Assessments for adults involve looking at doctors’ reports and questionnaires that the adult being assessed will be asked to complete. Assessors may also want to get a better picture of how the adult behaved as a child, by talking to people they were close to in childhood.

Treatment and medication

Autism is a lifelong disability and there is no cure or set treatment. It’s better to think of treatment in terms of support – there are a range of approaches that can be used to help people with autism manage their difficulties and live life to the full.

How is Autism trated?

Because autism is a complex condition that affects people differently, the approaches will depend on the individual’s needs and may well change over the course of their life.

Many autistic people also have co-existing conditions, such as a learning disability, mental health problems, epilepsy, sleep problems and digestive issues. Certain treatments or support methods may be helpful for these and should always be monitored carefully.

Medication

At the moment there are no medications that can cure autism but different interventions may be helpful and can improve behaviour, skills and language development. Moreover, pharmacological approaches can help in dealing with neurological, psychiatric and other co-occurring conditions. These include antiepileptics, antipsychotics, stimulants and hypnotics.

Therapy

Therapy can play a significant role in supporting people with autism. It can help people come to terms with their condition and develop coping strategies and relaxation techniques.

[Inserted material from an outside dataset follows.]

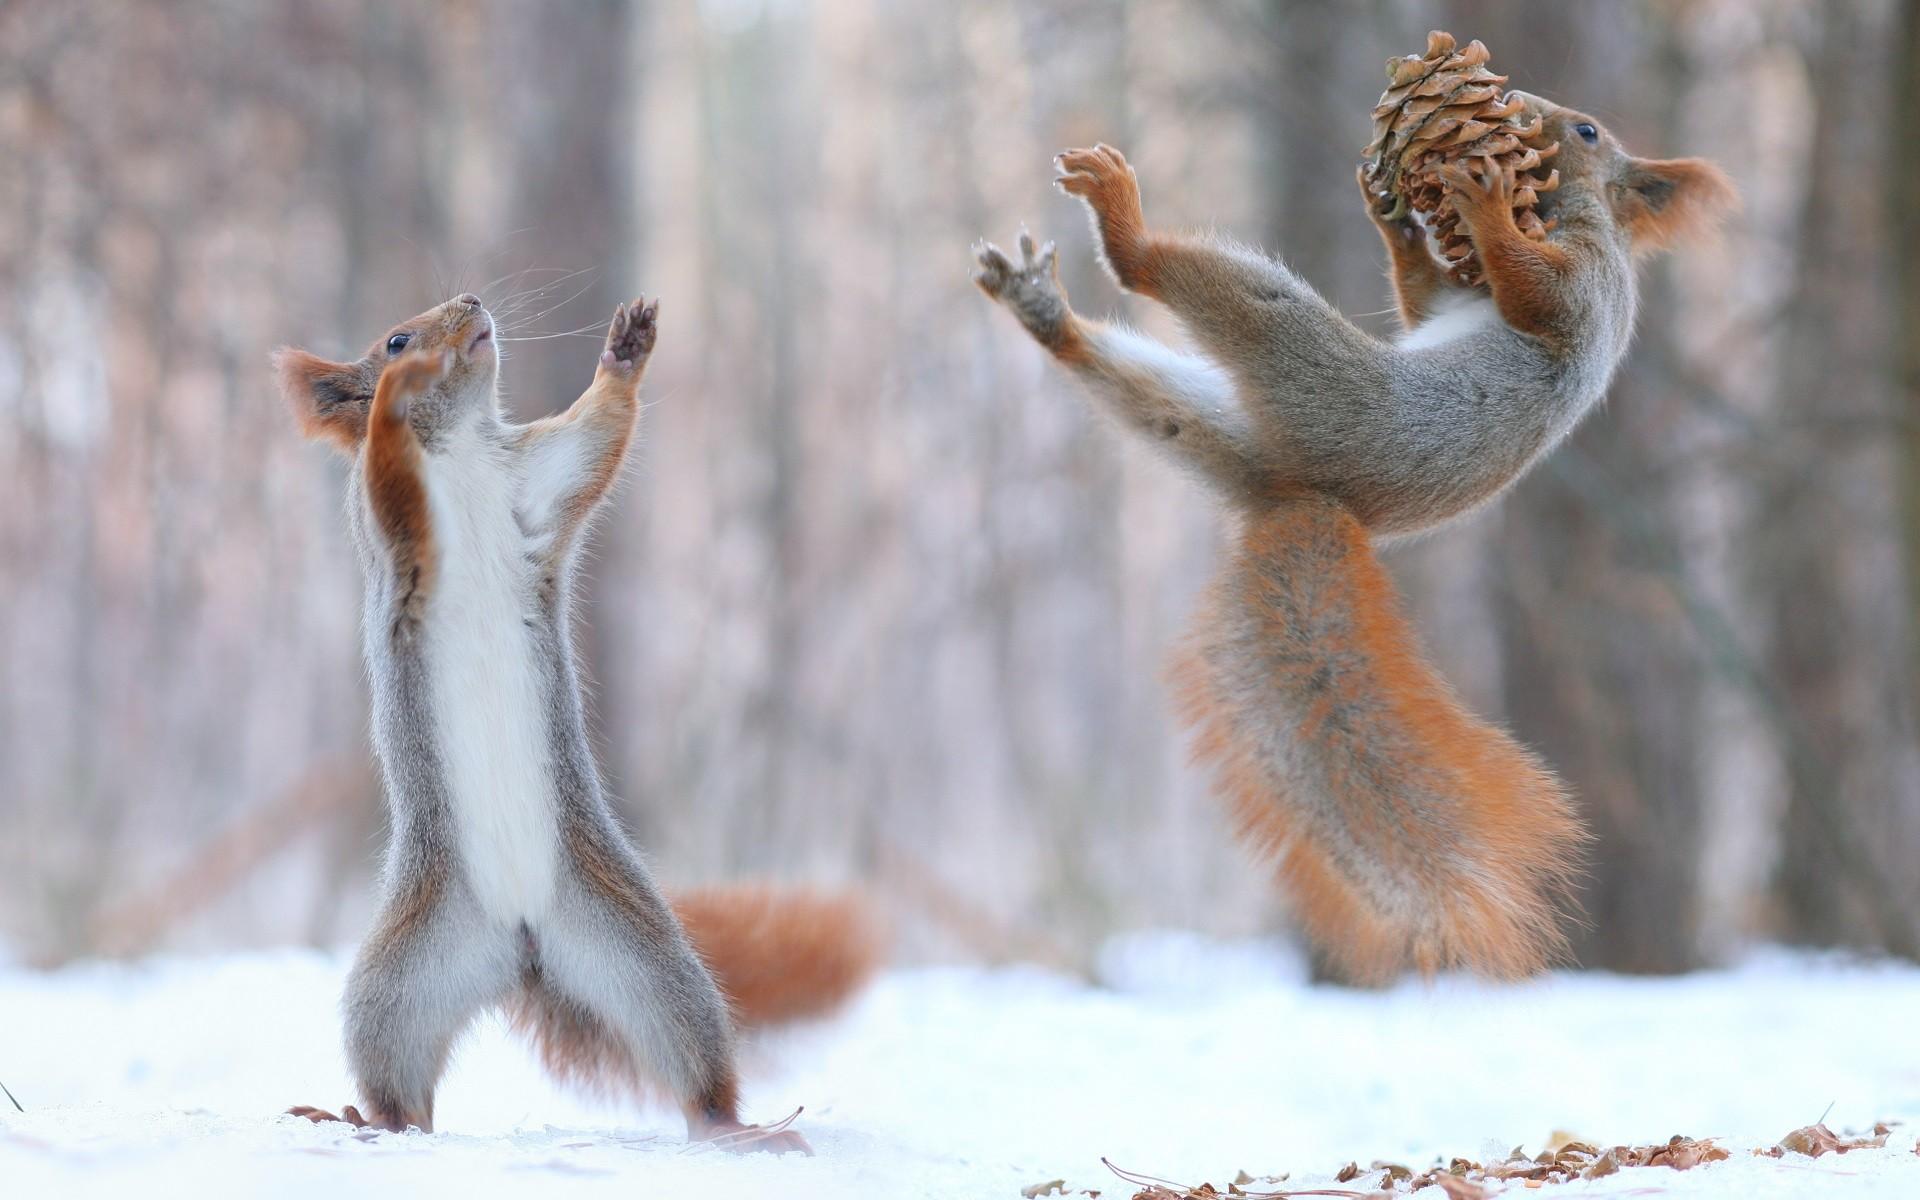 #force, #snow, #winter, #animals, #squirrel, #nature

Therapists use different approaches depending on their training and what the individual needs help with. These may include:

Cognitive behavioural therapy (CBT) – a useful therapy to help deal with negative thinking patterns and to help connect thoughts to emotions and actions.

Play therapy – often used with children by encouraging them to engage in play activities of their choice alongside a play therapist to improve their social and emotional skills, help them think in different ways, and improve language and communication skills9.

Other specialist therapies – such as speech and language therapy, physiotherapy and occupational therapy.

You may be referred to these services via your doctor or another health professional, it may be offered by your employer or your child’s school or you may seek it out privately.

If you choose to find a private counsellor, check that they are a member of an appropriate professional organisation.

Intervention

Research shows10,11 that interventions that combine psychological and social factors play an important part in helping people with autism. For children and young people, these include play-based strategies with parents, carers and teachers. For adults, employment support programmes, structured leisure activities and social skills training can be helpful.

Many children with autism will receive extra support through the education system. Some may remain in mainstream education and receive teaching support through special needs support, and others will be offered a place in a school that specialises in educating children with autism and other disabilities.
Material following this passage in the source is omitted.